It's been a while, huh? Nearly six months to be exact. Where have I been? Too much to explain. Suffice to say, God began a work in me on April 29th, 2017...and I'm still in his workshop. I don't want out of his workshop, mind you. Important things happen there: Rough edges are chiseled away, self-reliance is crushed in a vise, sin is exposed with a floodlight and self-righteousness is sawn in two. All necessary tasks in God's workshop.
But here's why I've been gone: Life in the workshop is hard...really hard. So hard that I literally have not been able to do a single thing but survive the workshop. In fact, a late-summer entry in my catalog of sustaining verses was Psalm 118:13: I was pushed hard, so [hard] that I was falling.
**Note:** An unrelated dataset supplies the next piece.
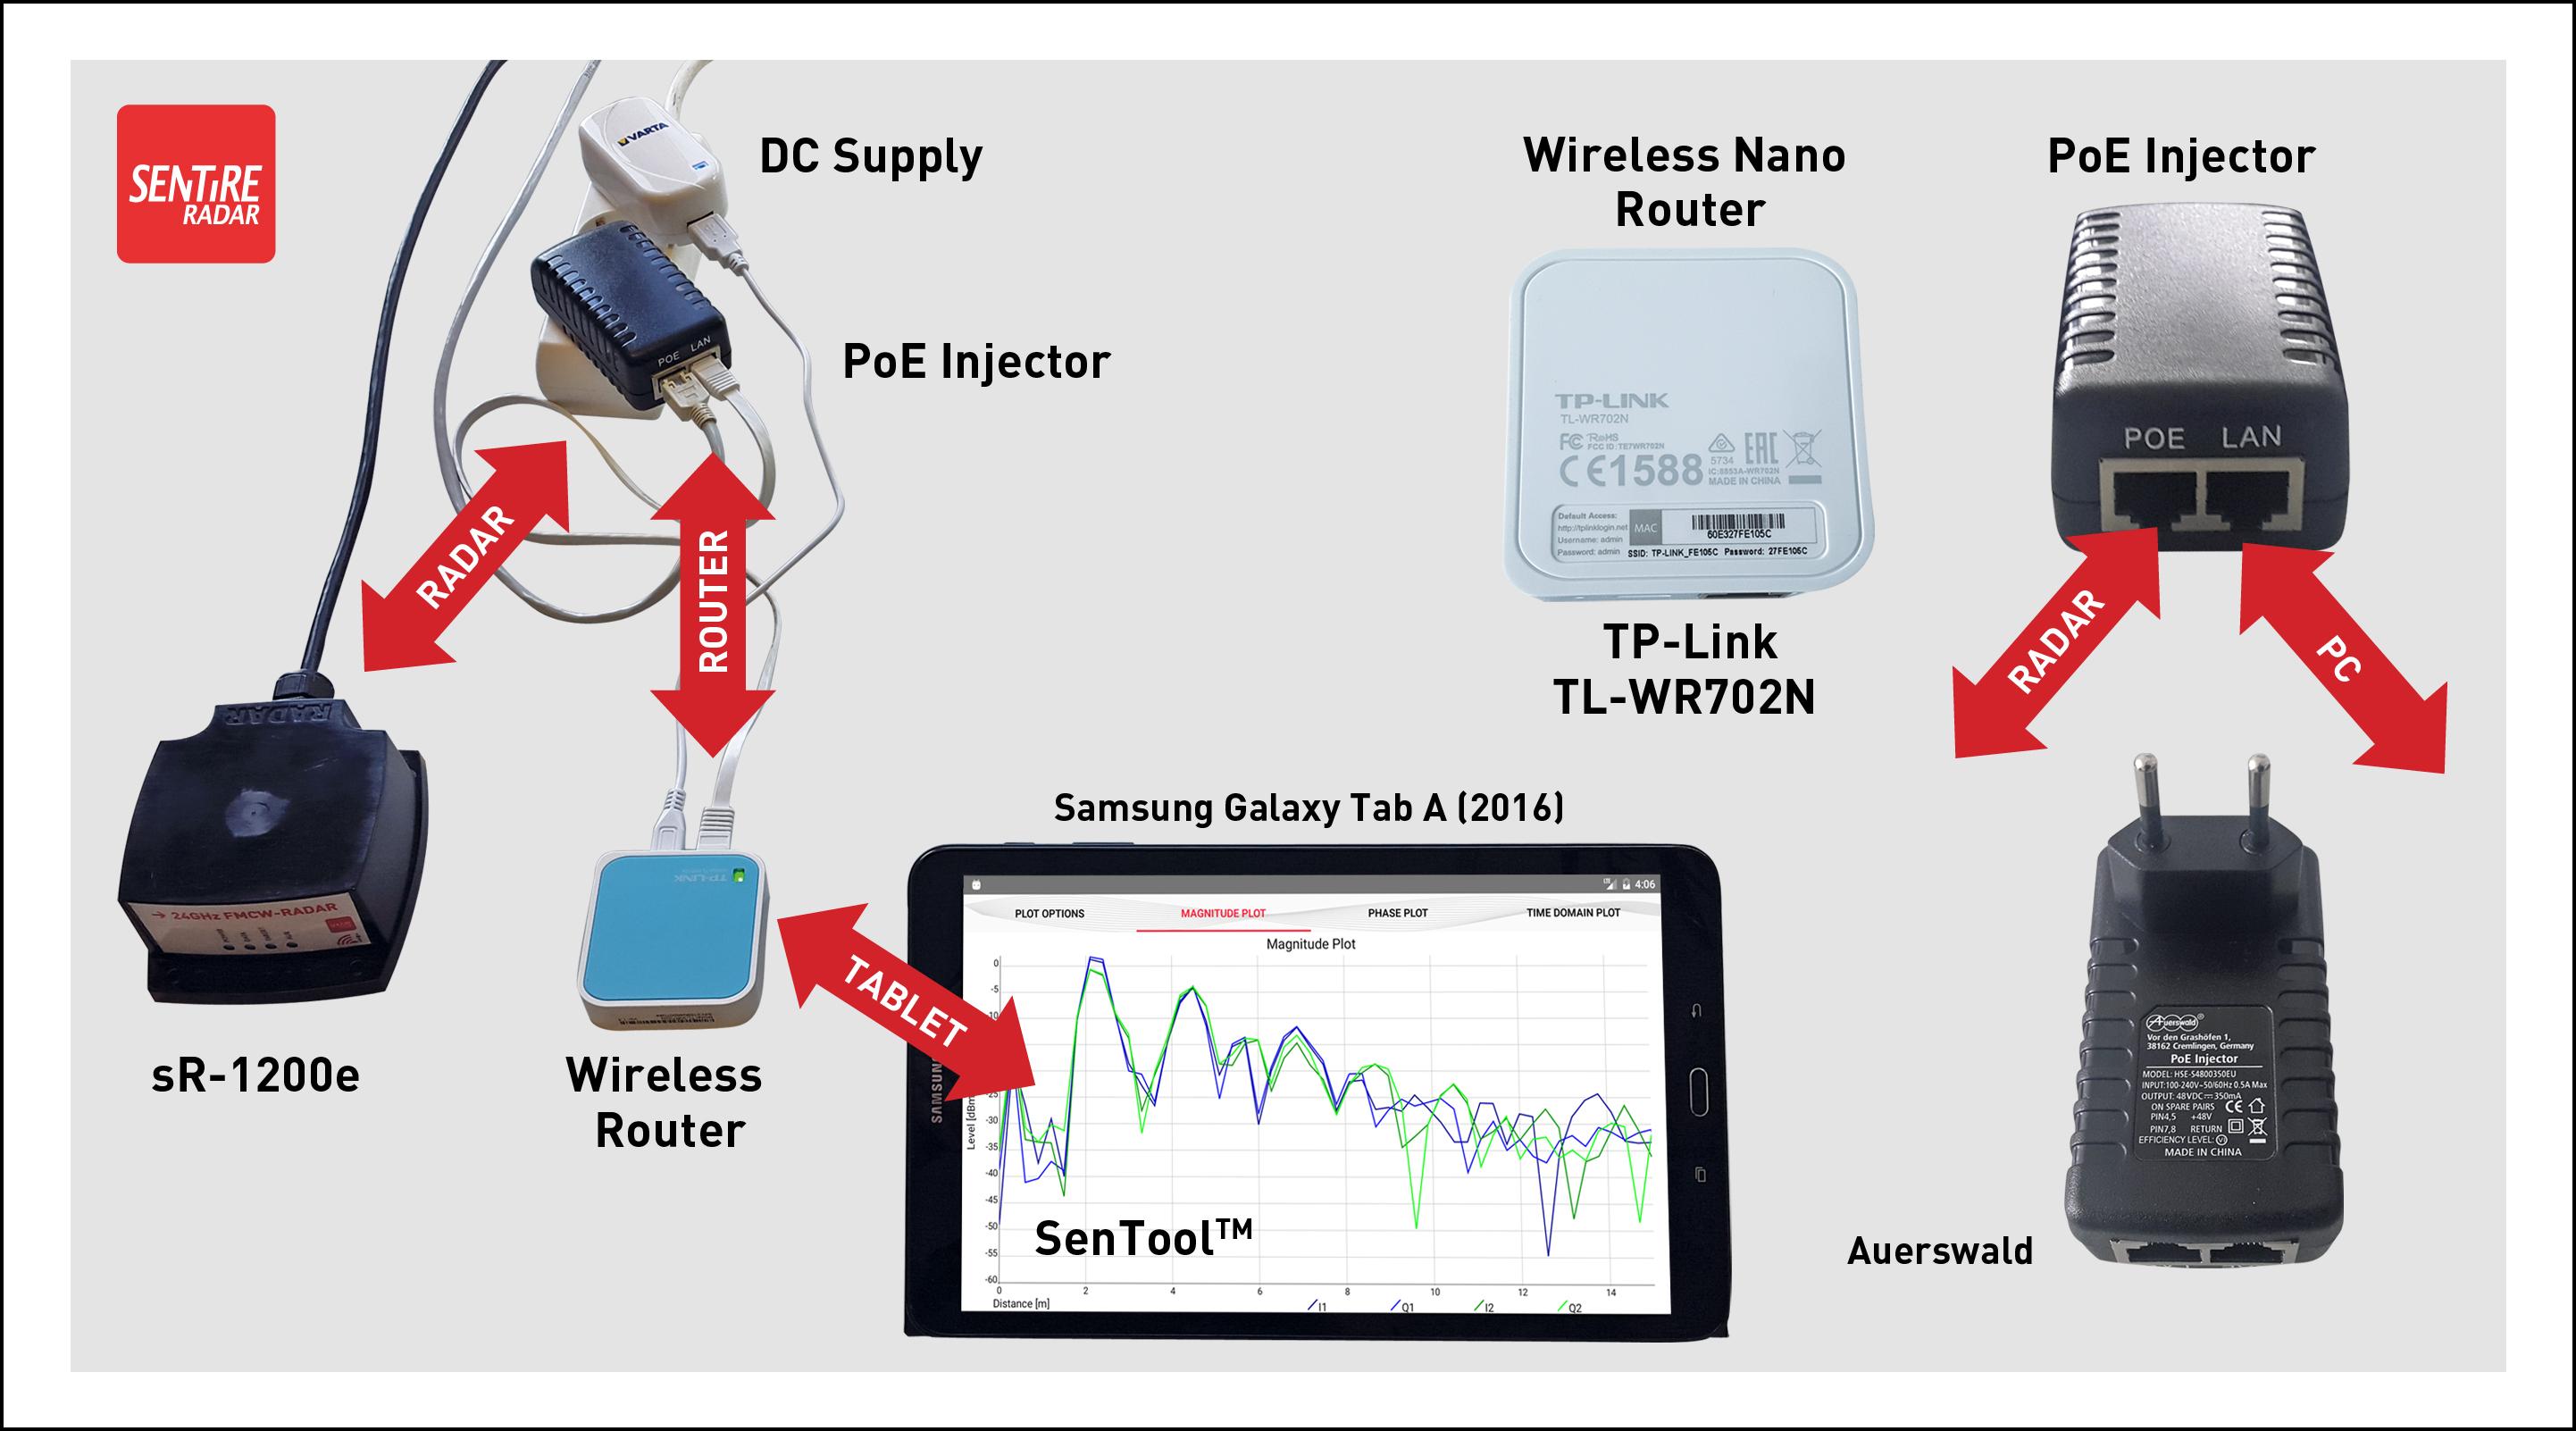 sR-1200e - 24 GHz FMCW Radar Module

But, the Lord helped me.
And helping me he is.
He's offering grace when I'm ashamed, strength when I'm weak, comfort when I'm discouraged and peace when I'm afraid. And friends, these are NOT just spiritual catch-phrases, I promise. They're real! I'm experiencing their truth every day.
- I AM afraid...even as I type this. But Even when I walk through the darkest valley, I will not be afraid, for you are close beside me (Psalm 23:4a).
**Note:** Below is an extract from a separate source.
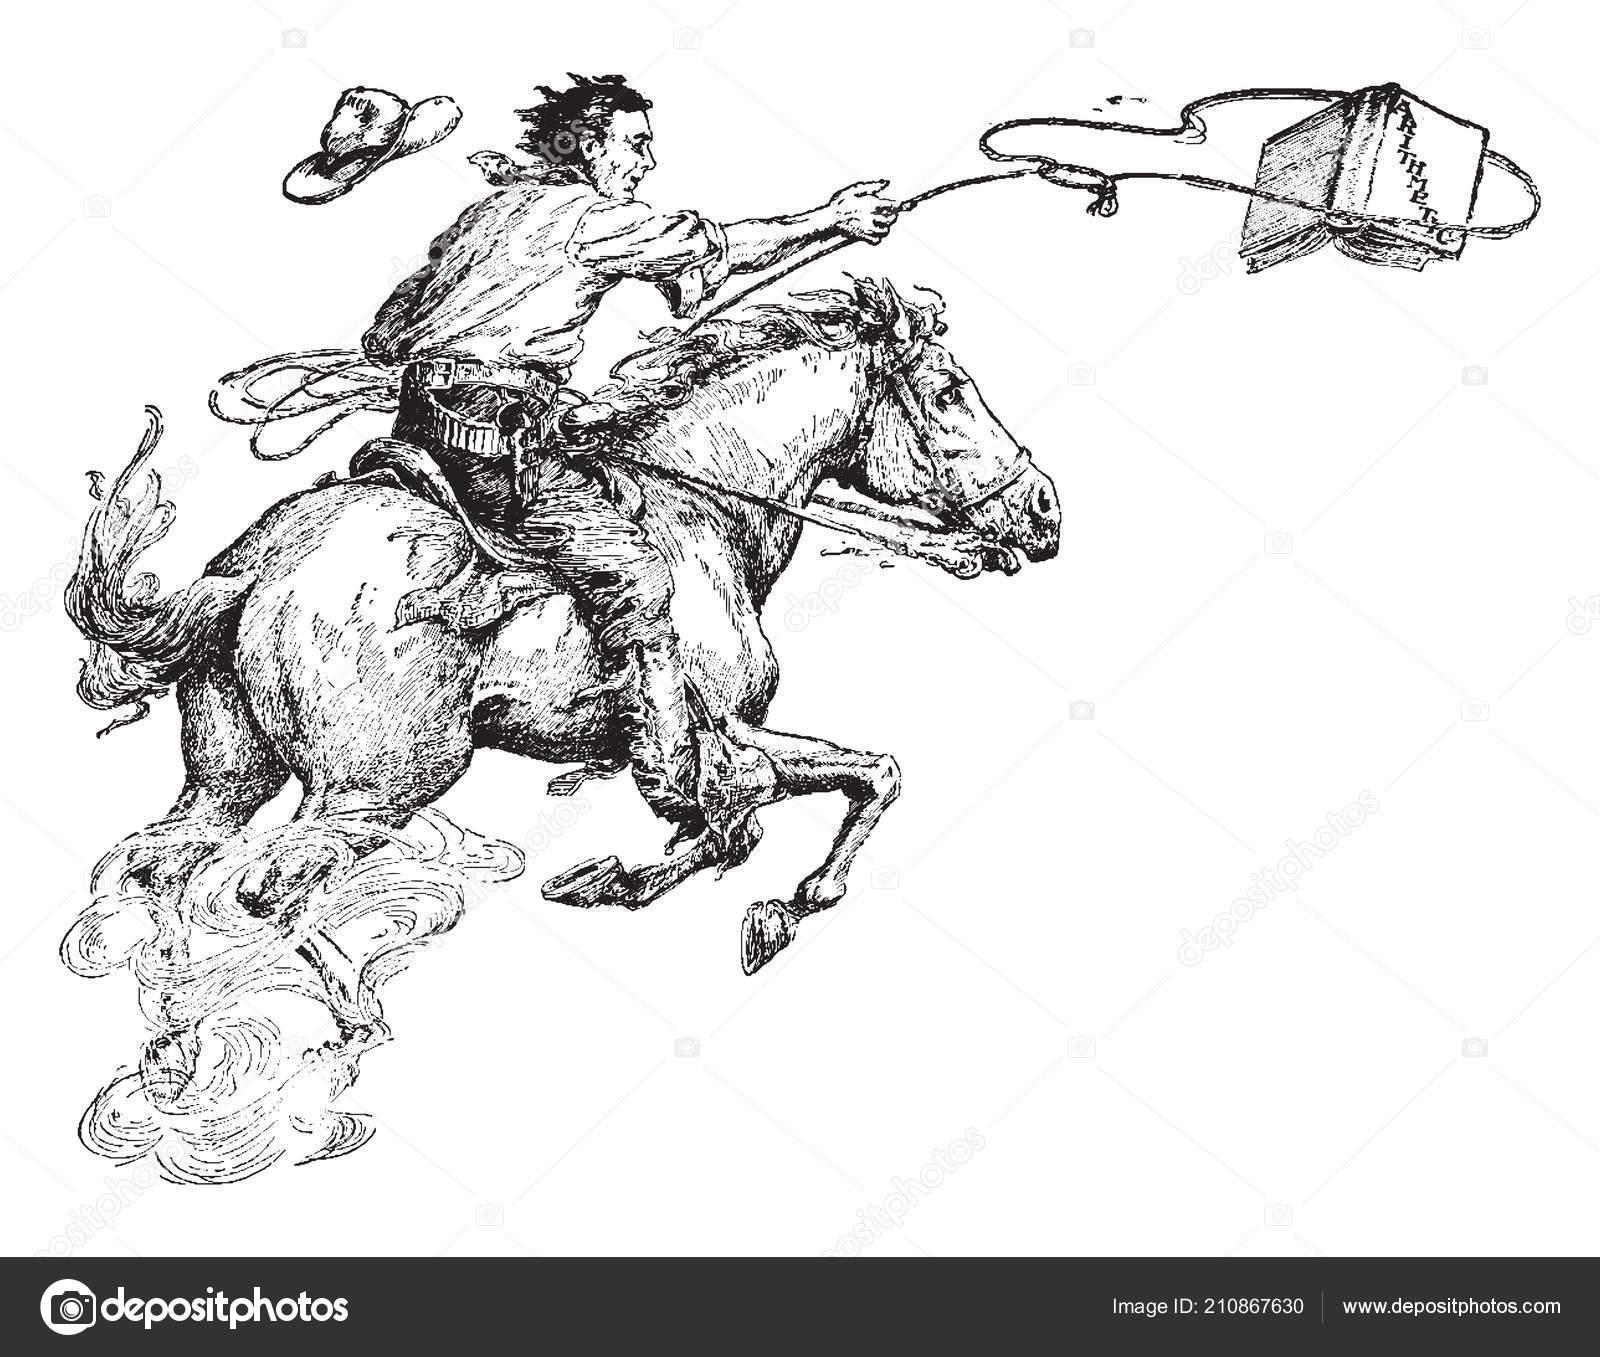 Man Lassoing Book Arithmetic Cowboy Horse Riding Lasso Horseback Riding Stock Vector C Morphart 210867630

- I AM discouraged...right now. But Do not be afraid or discouraged, for the Lord will personally go ahead of you. He will be with you; he will neither fail you nor abandon you (Deuteronomy 31:8).
- I AM ashamed...of many things. But You are ashamed of the things you used to do, things that end in eternal doom. But now you are free from the power of sin. Now you do those things that lead to holiness and result in eternal life(Romans 6:21b-22).
- I AM emotionally AND physically weak...consistently. But He will take our weak mortal bodies and change them into glorious bodies like his own, using the same power with which he will bring everything under his control (Philippians 3:21).
Why did I have the freedom to write today? I'm not sure. But here's what I know: God's grace is everywhere in his workshop. It's like the sawdust that lingers in the air once the electric saw has been turned off. It sparkles in the light, I'm breathing it into my lungs and it is sustaining my heart in what would appear to be a hopeless scenario.
Pray for me as I just prayed for you...and I hope to talk to you again soon.